__EXERCISE OBJECTIVE__. Copy exactly, beginning with the line holding "梅菜虾干 美食 炒菜 中国菜 鲜虾 餐饮美食 传统美食" and ending with the final line of the data beneath this task; copy nothing else, and leave out every picture.

__SOURCE DATA__.

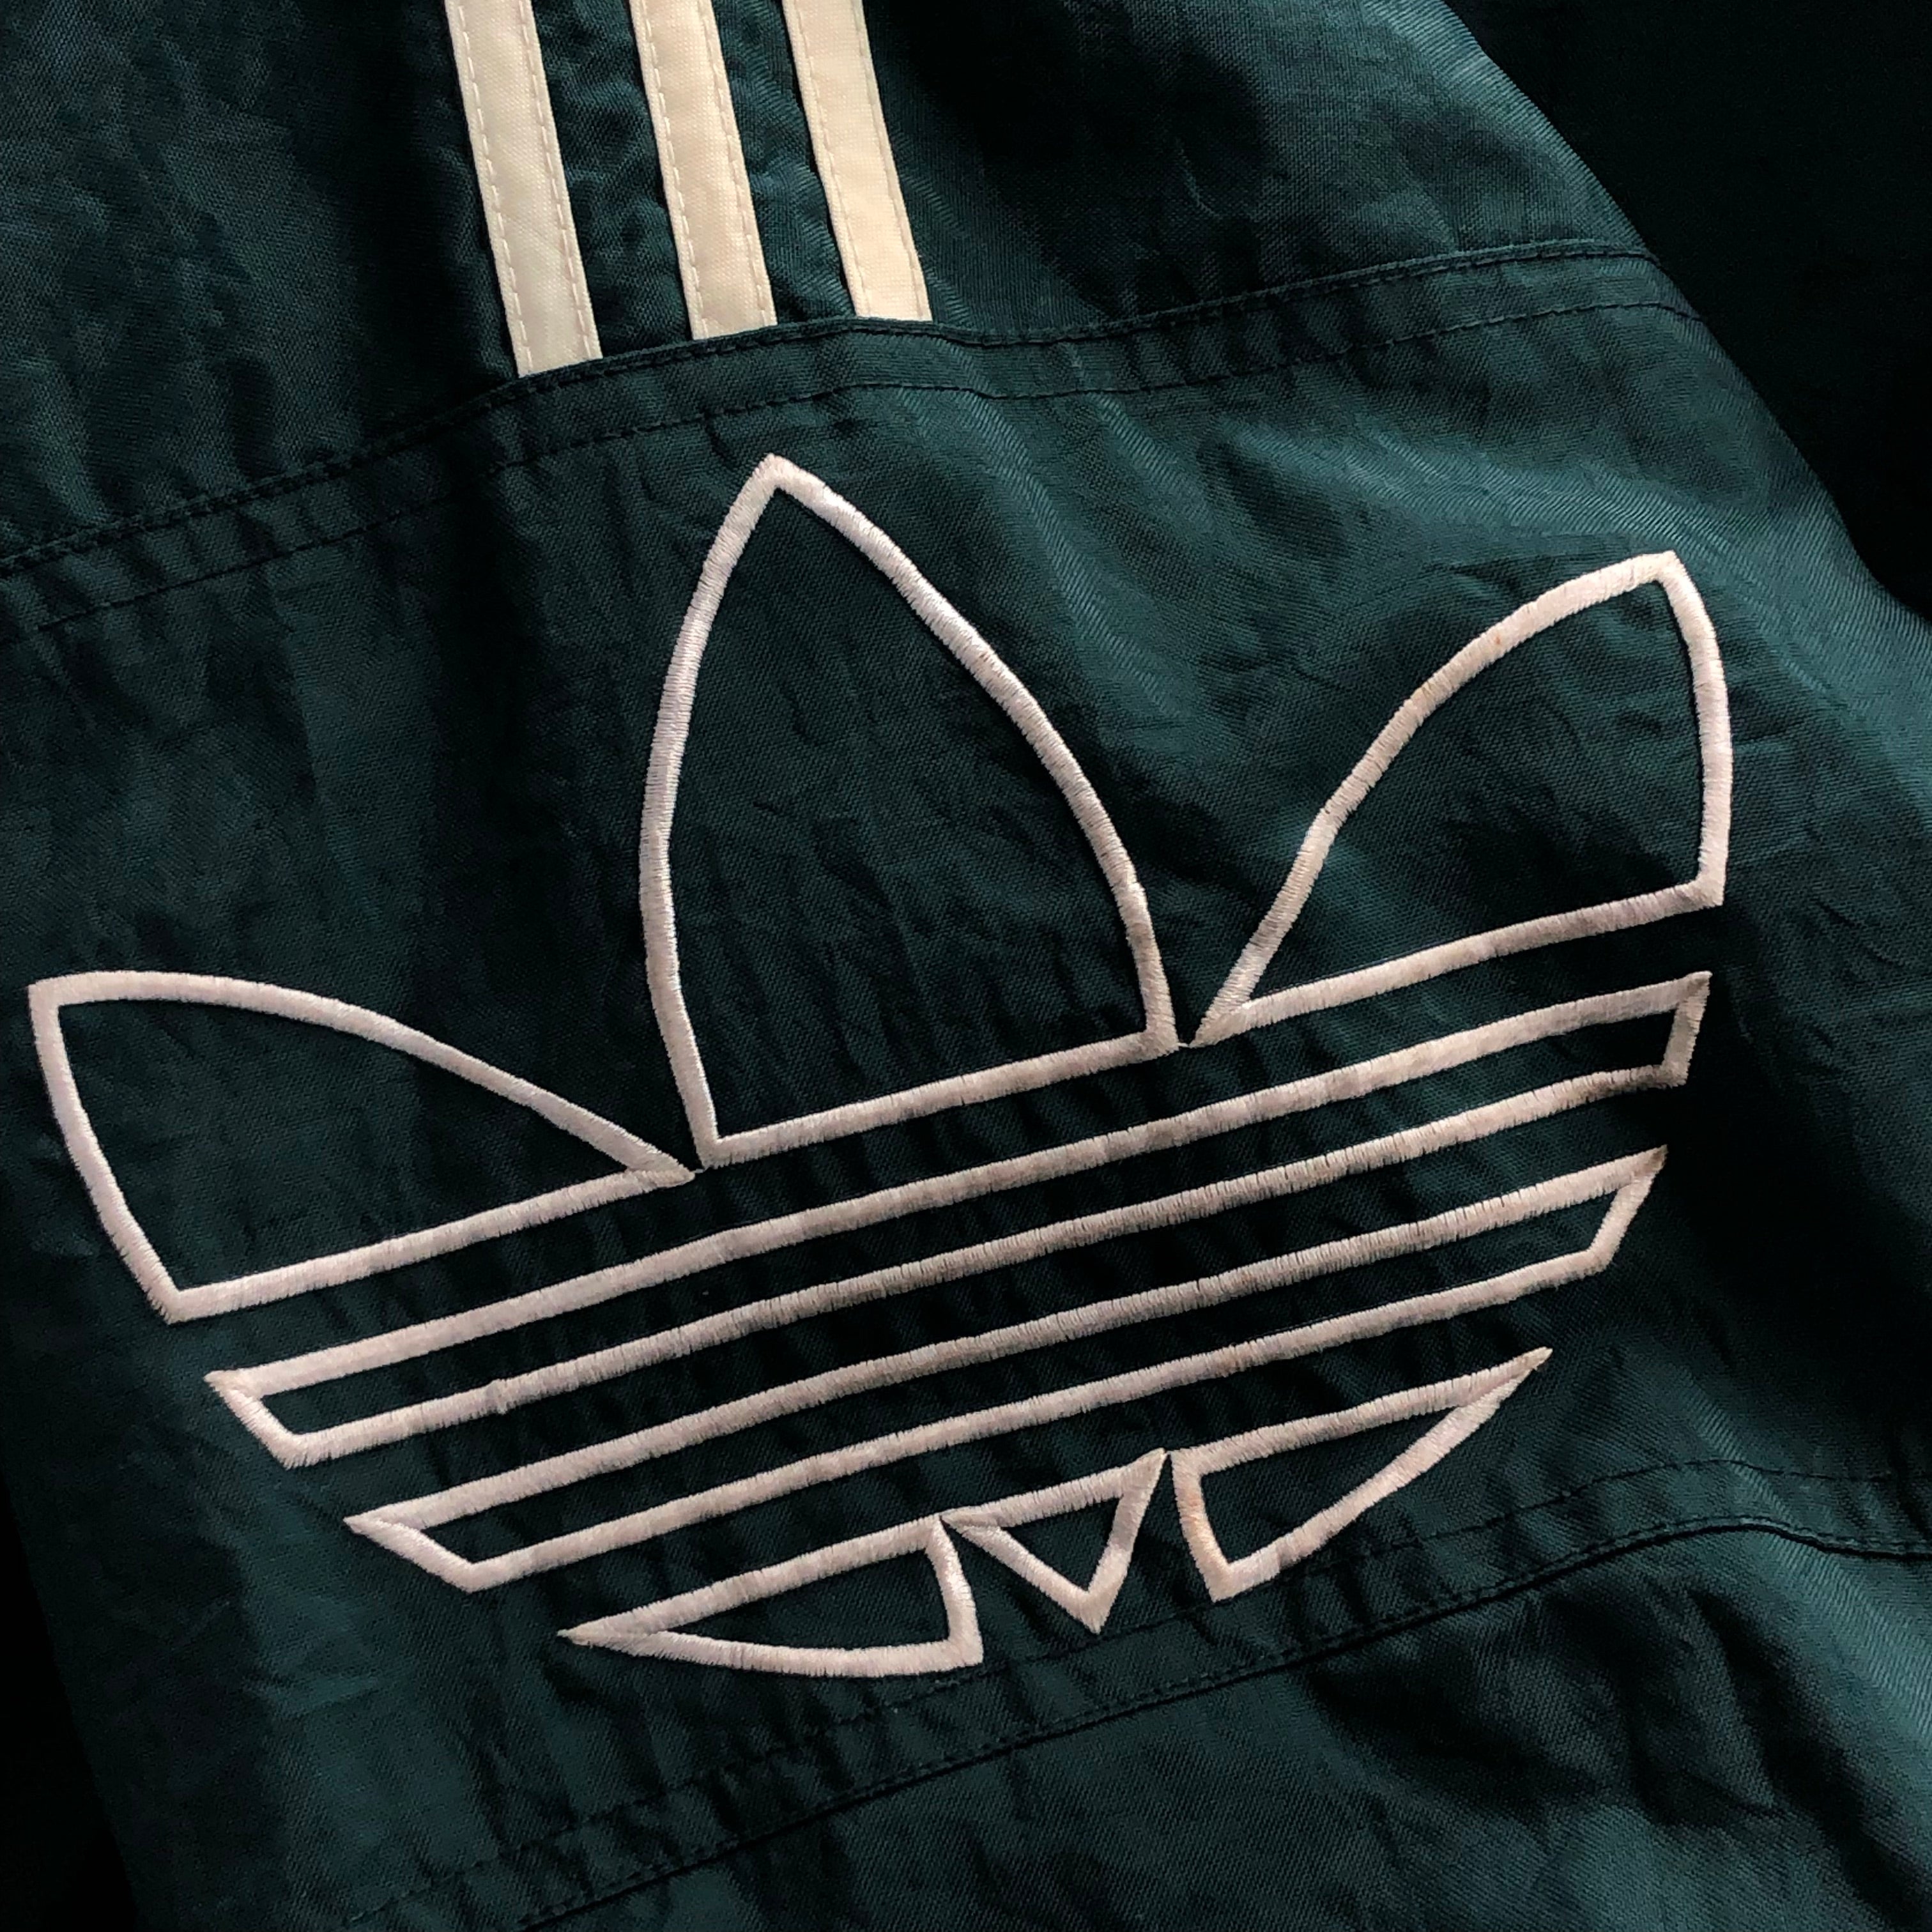 Vintage Adidas Jacket
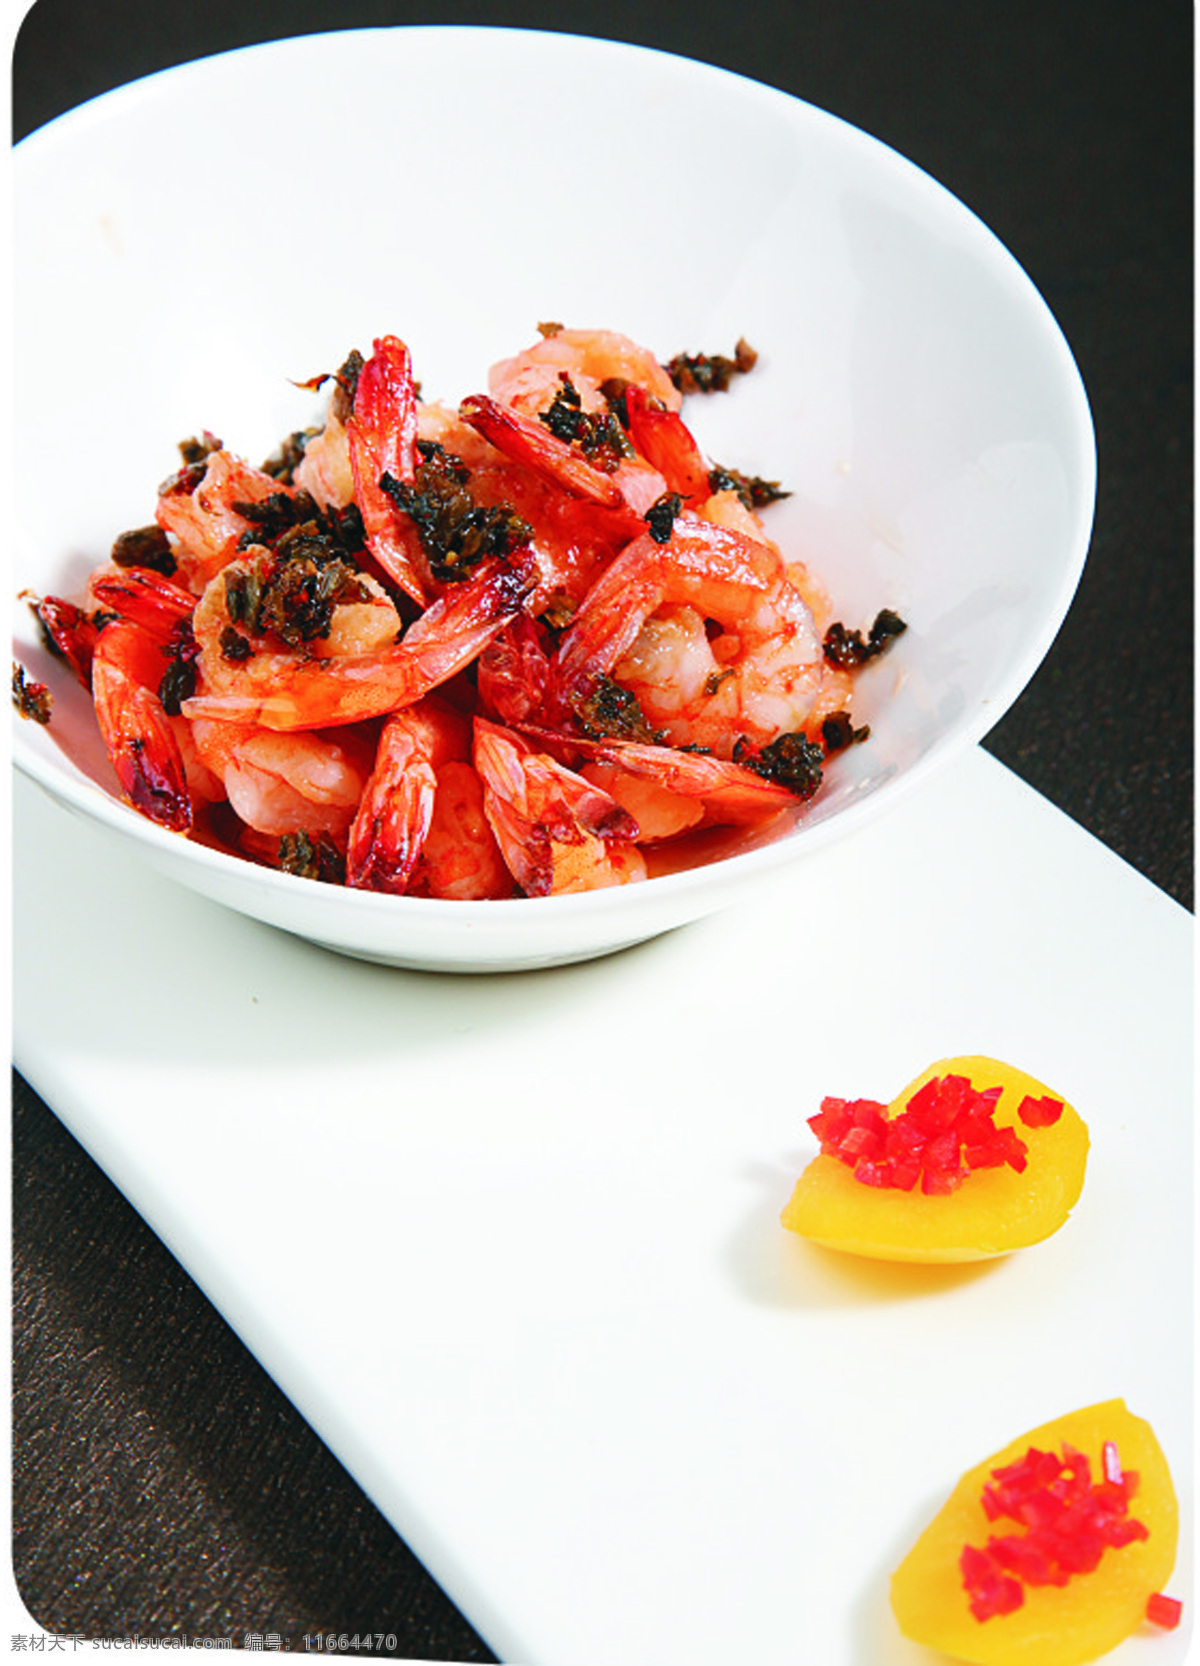 梅菜虾干 美食 炒菜 中国菜 鲜虾 餐饮美食 传统美食
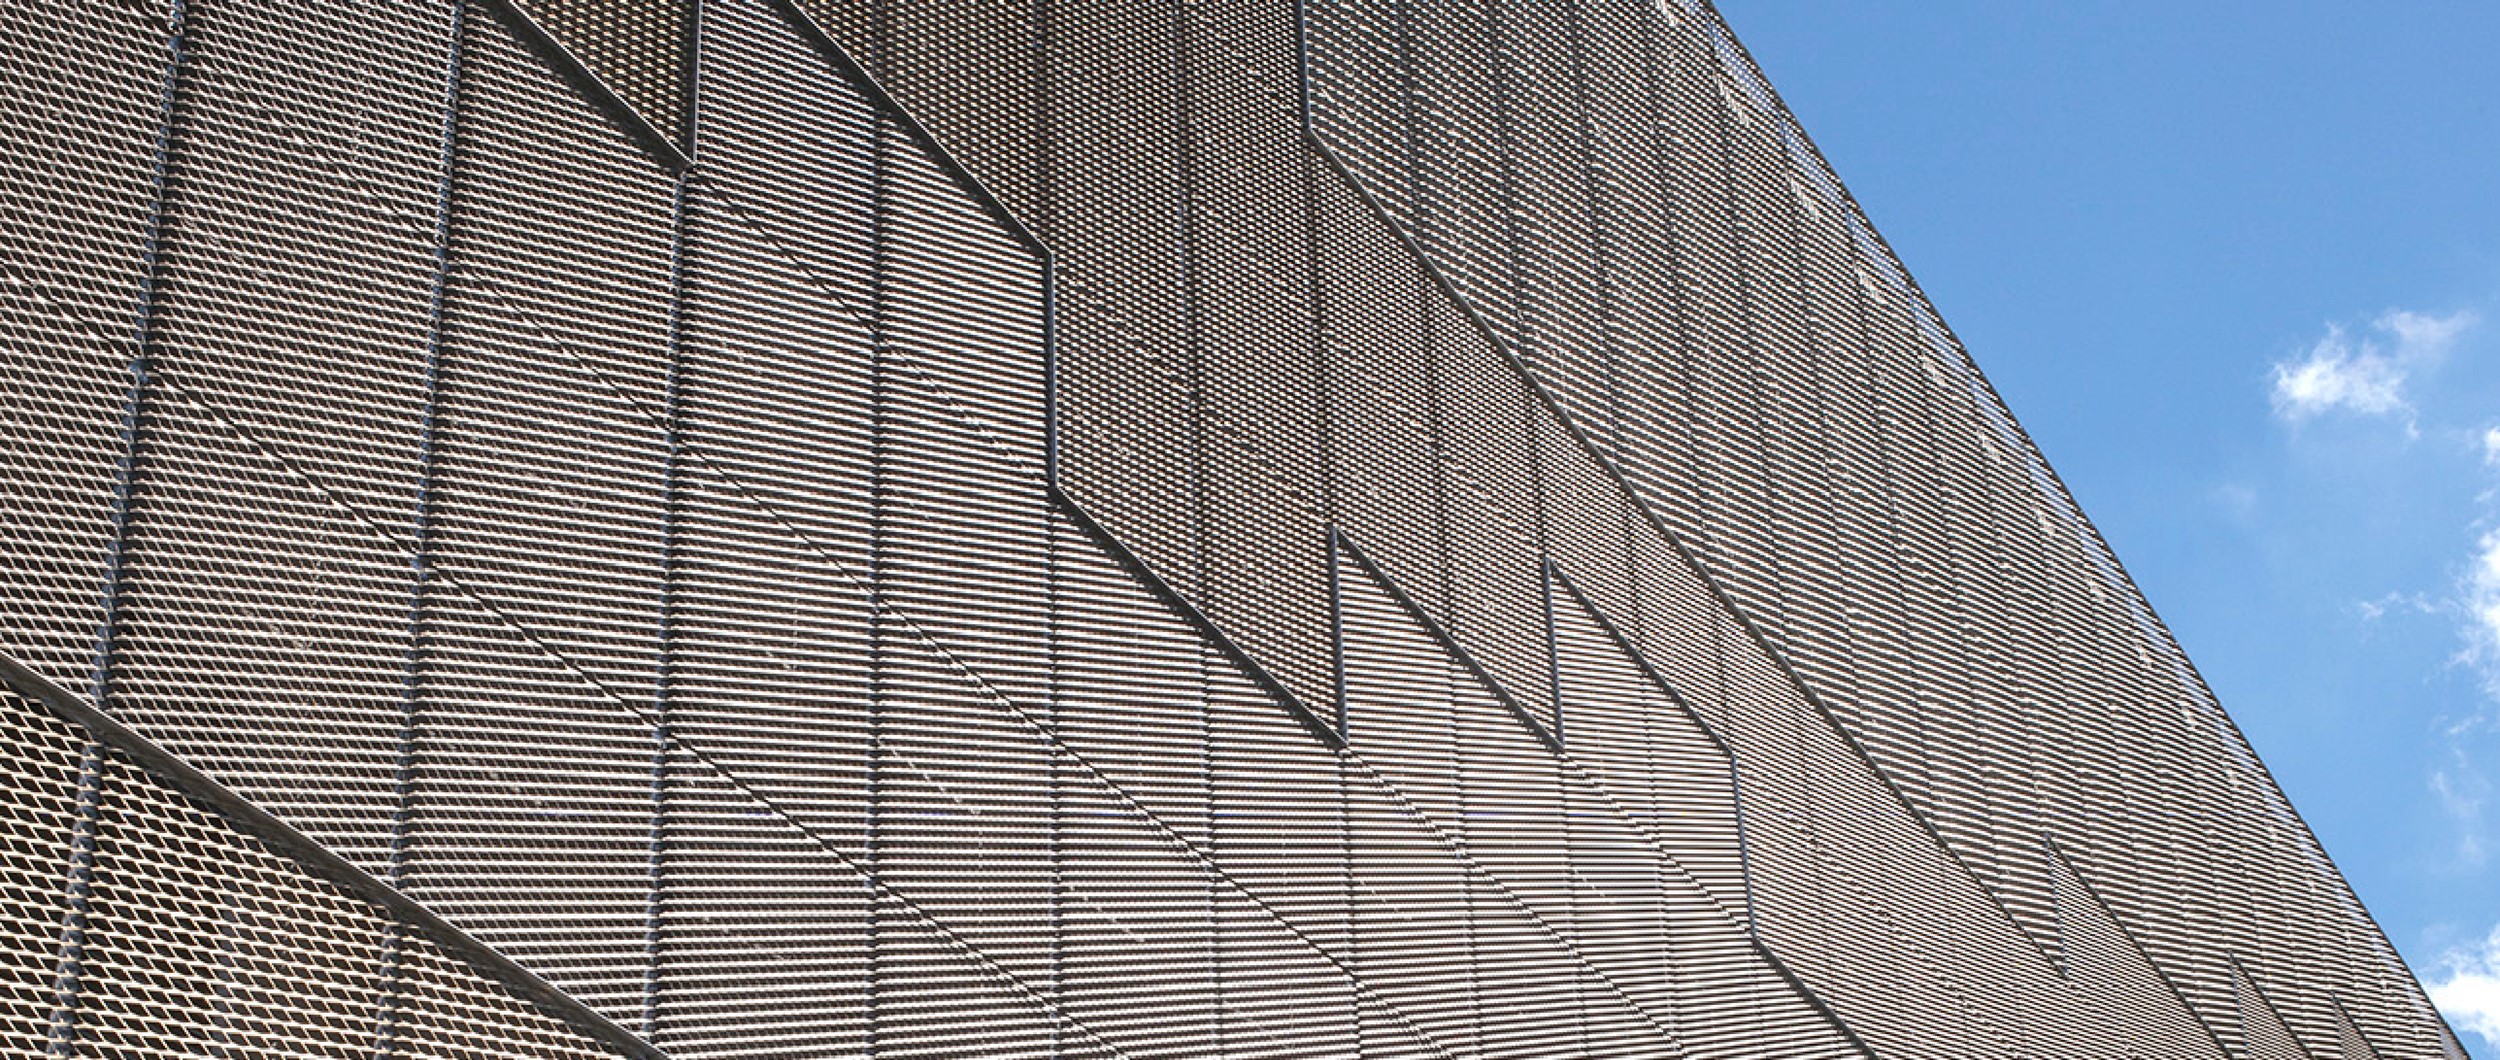 Det store stationsanlæg i Tjele, løftes op af en mørk betonbase, hvorefter den er blevet beklædt med strækmetal i forskellige anodiseringer og størrelser.

__REPLY TO THE TASK__.
 梅菜虾干 美食 炒菜 中国菜 鲜虾 餐饮美食 传统美食
 Det store stationsanlæg i Tjele, løftes op af en mørk betonbase, hvorefter den er blevet beklædt med strækmetal i forskellige anodiseringer og størrelser.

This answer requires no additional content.